In a second aspect of the present disclosure, we provide a floor laying system in which a first surface of a floor covering is laid on an exposed surface of an underlay directly laid on a subfloor, without use of any adhesive to hold the floor covering in place on the underlay; one of the floor covering and the underlay being provided with paramagnetic or metallised material, namely particles of a nonmagnetised ferromagnetic material, within the body of the floor covering adjacent said first surface or coating said first surface, or within the body of the underlay adjacent said exposed surface or coating said exposed surface; and the other of the floor covering at said first surface and the underlay at said exposed surface comprising a flexible magnetic surface with an array of alternative magnetic north and magnetic south poles induced therein.

In a third alternative aspect of this disclosure, there is provided a method of manufacturing a crumb-rubber underlay, the method comprising the steps of: bonding crumbs of rubber to each other to form a crumb-rubber layer and to a supporting scrim layer; and applying a flexible coating to at least part of the exposed surface of the scrim material or of the crumb-rubber layer, the material of the coating comprising particles of a paramagnetic or ferromagnetic material in a plastics binder.

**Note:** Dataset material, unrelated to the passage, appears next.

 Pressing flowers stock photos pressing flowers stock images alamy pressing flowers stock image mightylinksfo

In a fourth alternative aspect of this disclosure, there is provided a method of manufacturing a crumb-rubber underlay with magnetic or magnetisable properties, the method comprising the steps of: bonding crumbs of rubber to each other to form a crumb-rubber layer and to a supporting scrim layer; in which particles of a paramagnetic or ferromagnetic material are incorporated among the crumbs of rubber prior to said bonding step.

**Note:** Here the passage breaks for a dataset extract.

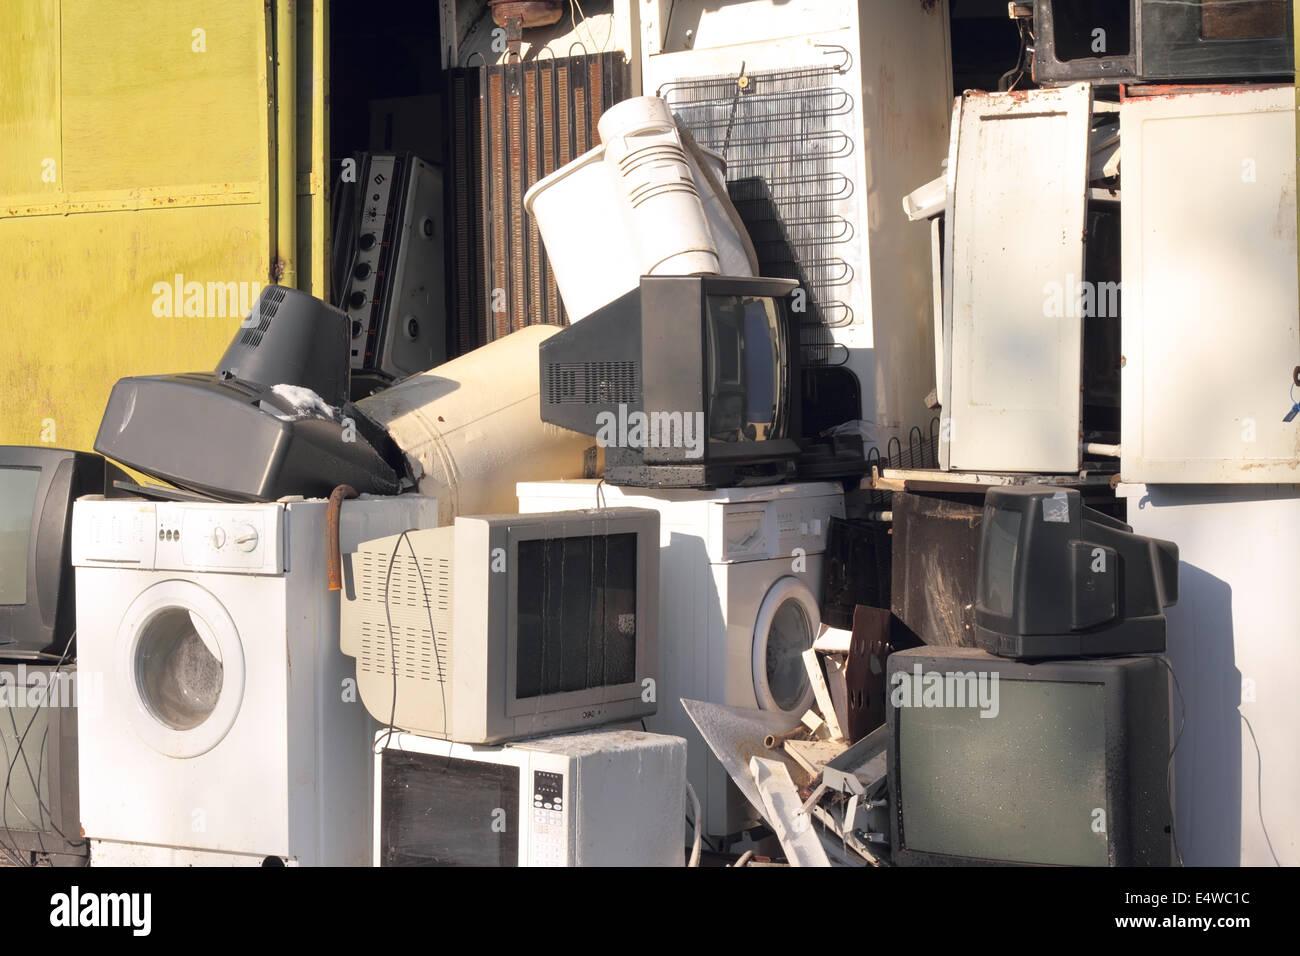 Dump the old broken appliances - Stock Image

In a fifth alternative aspect of this disclosure, we provide a method of manufacturing a crumb-rubber underlay with magnetic or magnetisable properties, the method comprising the steps of: bonding crumbs of rubber to each other to form a crumb-rubber layer without any scrim or other supporting layer; and applying a flexible coating to at least part of the exposed surface of the crumb-rubber, the material of the coating comprising particles of a paramagnetic or ferromagnetic material in a plastics binder.

According to a sixth and yet further aspect of this disclosure, there is provided a method of manufacturing a crumb-rubber underlay with magnetic or magnetisable properties, the method comprising the step of: bonding crumbs of rubber to each other to form a crumb-rubber layer without any scrim or other supporting layer; particles of a paramagnetic or ferromagnetic material being incorporated among the crumbs of rubber prior to said bonding step.

In embodiments in which the flexible coating is applied to a crumb-rubber or scrim layer, the plastics binder for the flexible coating is preferably a urethane binder.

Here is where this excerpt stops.